Художник, участник группы «ПГ», а по совместительству «известный левый мыслитель» задумался о том, почему его перестало радовать шутовство в современном искусстве

Илья Фальковский

Пригласили меня тут в Пермь, в жюри фестиваля кино и театра «Текстура». Не к добру, думаю. То, думаю, притесняют, а то привечают. То мастерскую отберут и тюрьмой грозятся, а то авиабилеты выдают и суточными ссужают. Не иначе как, думаю, метод кнута и пряника на пути моего исправления. Надо, думаю, поточнее разобраться, уяснить, что тут к чему.
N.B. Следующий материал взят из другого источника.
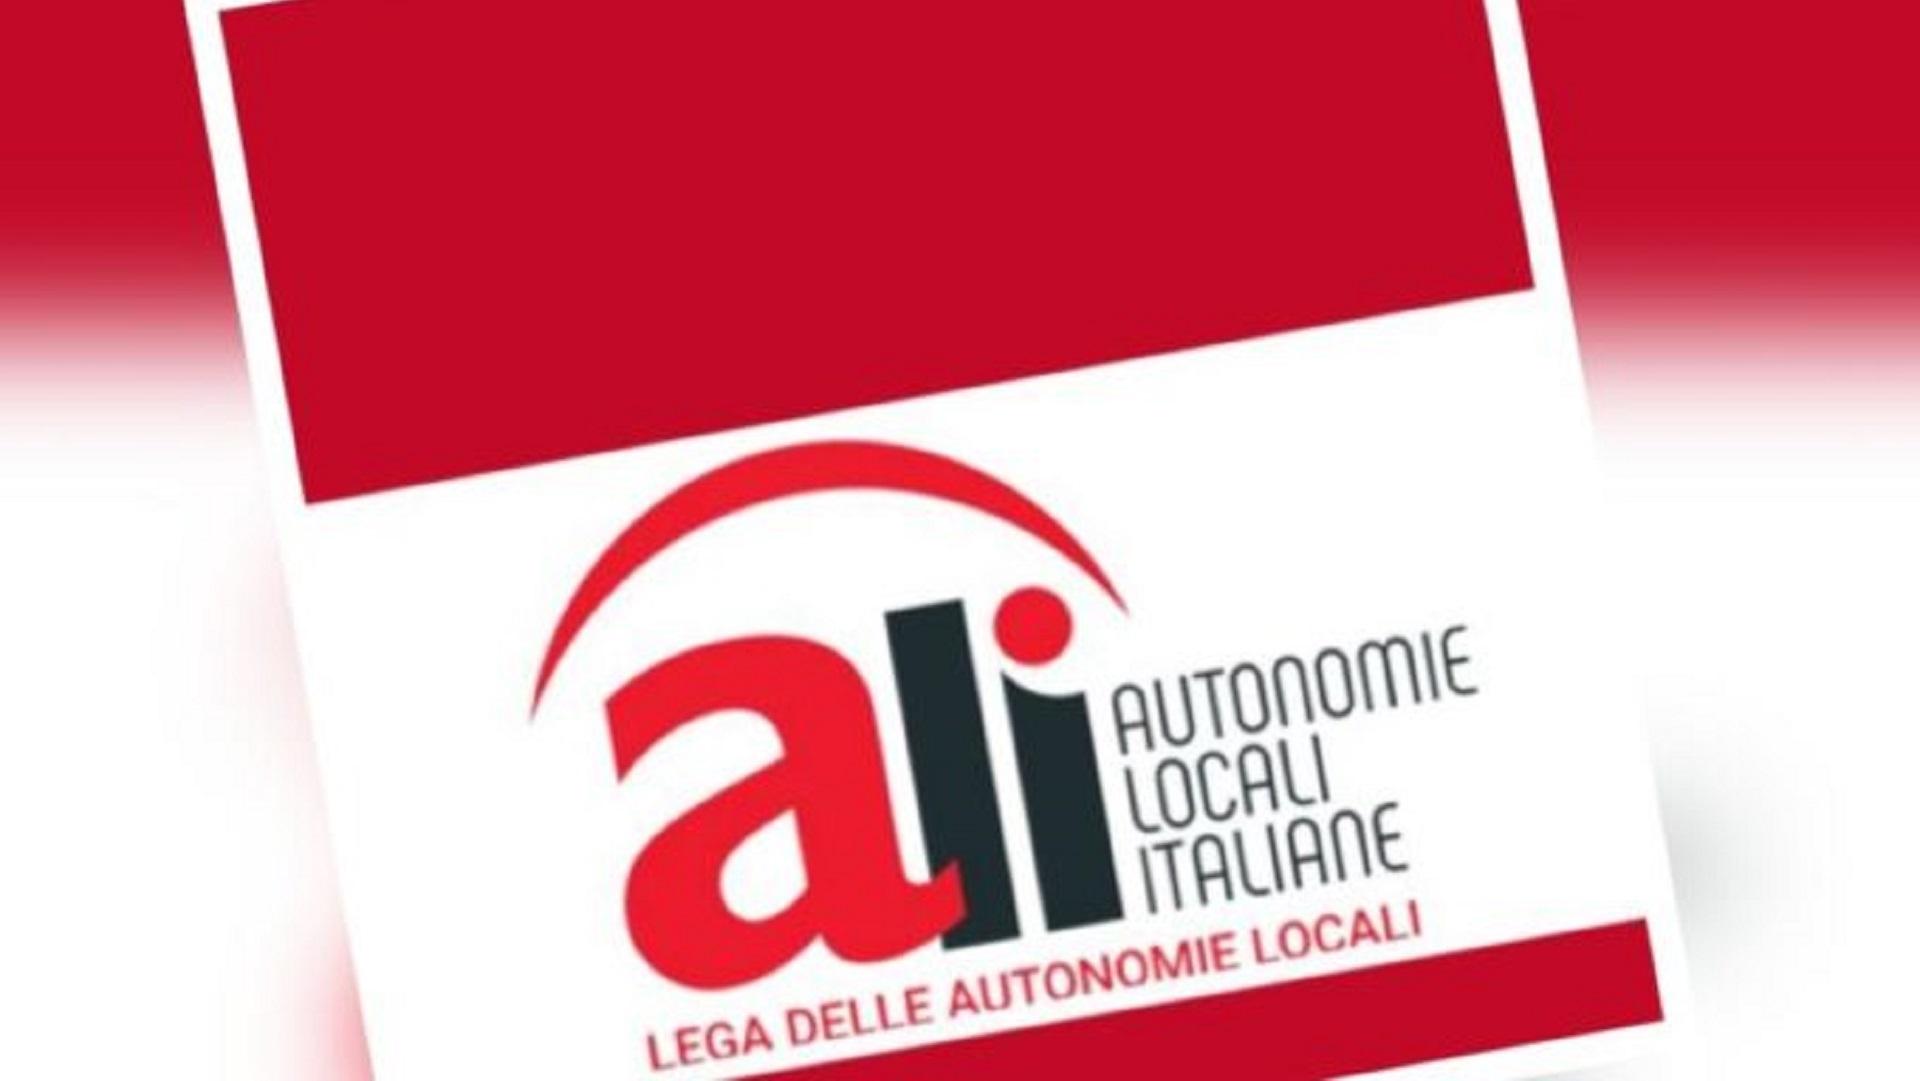 Convegno-ALI_1920x1080.jpg

Поехал.

А в Перми, странное дело, где бы и кому бы меня ни представляли, так одну и ту же характеристику зачитывают. Прямо слово в слово повторяют. Видать, ориентировку на меня сверху спустили, и, чтобы не дай бог чего не перепутать, все ее заучили назубок. Вот и Марат Гельман, знакомя меня с девушкой, говорит: «А это, мол, Илья Фальковский, люблю его какпоэта…» Вот те раз, думаю, интересно, что именно Марат принимает за мою поэзию, неужто этот мой старый текст: «Дай п…зды, давай п…зды, крепко давай п…зды…»? Или, может, рэп-частушку «Танцуй, танцуй, пока стоит х…й…»? Хотел было поинтересоваться, но не решился – вдруг вскроется, что в ориентировке меня перепутали с реальным поэтом. Выгонят тогда из Перми. Кошусь на девушку – в ее глазах никакого интереса. А Марат знай себе продолжает, соловьиными трелями заливается: «А еще он художник, музыкант…» Вот, думаю, загнул, какой же я музыкант. Один раз, помню, участник нашей группы Катала решил поорать что-то нецензурное в микрофон, выдавая это за пение. Он мне тогда доверил с компьютера минус музыкальный пускать. А я с испуга так напился, что давай по кнопкам ноутбука, как по клавишам пианино, стучать. Компьютер сразу же завис, Катала орал безо всякого музыкального сопровождения. Немногочисленная публика нас тут же освистала, и из клуба с позором выгнали. Больше на сцене мне побывать не довелось. Гляжу на девушку – она по-прежнему ноль внимания. А Марат все льет сладкий елей: «Ну и, наконец, он известный левый мыслитель». Тут, смотрю, в глазах девушки какой-то огонек заиграл. И декольте ее ко мне даже как будто придвинулось, колыхаясь, словно Южно-Китайское море перед тайфуном. Вот это, думаю, то, что надо. Буду теперь левым мыслителем. Буду, как та же Деготь, по выставкам ходить, на все с важным видом коситься, языком цокать, зубом щелкать.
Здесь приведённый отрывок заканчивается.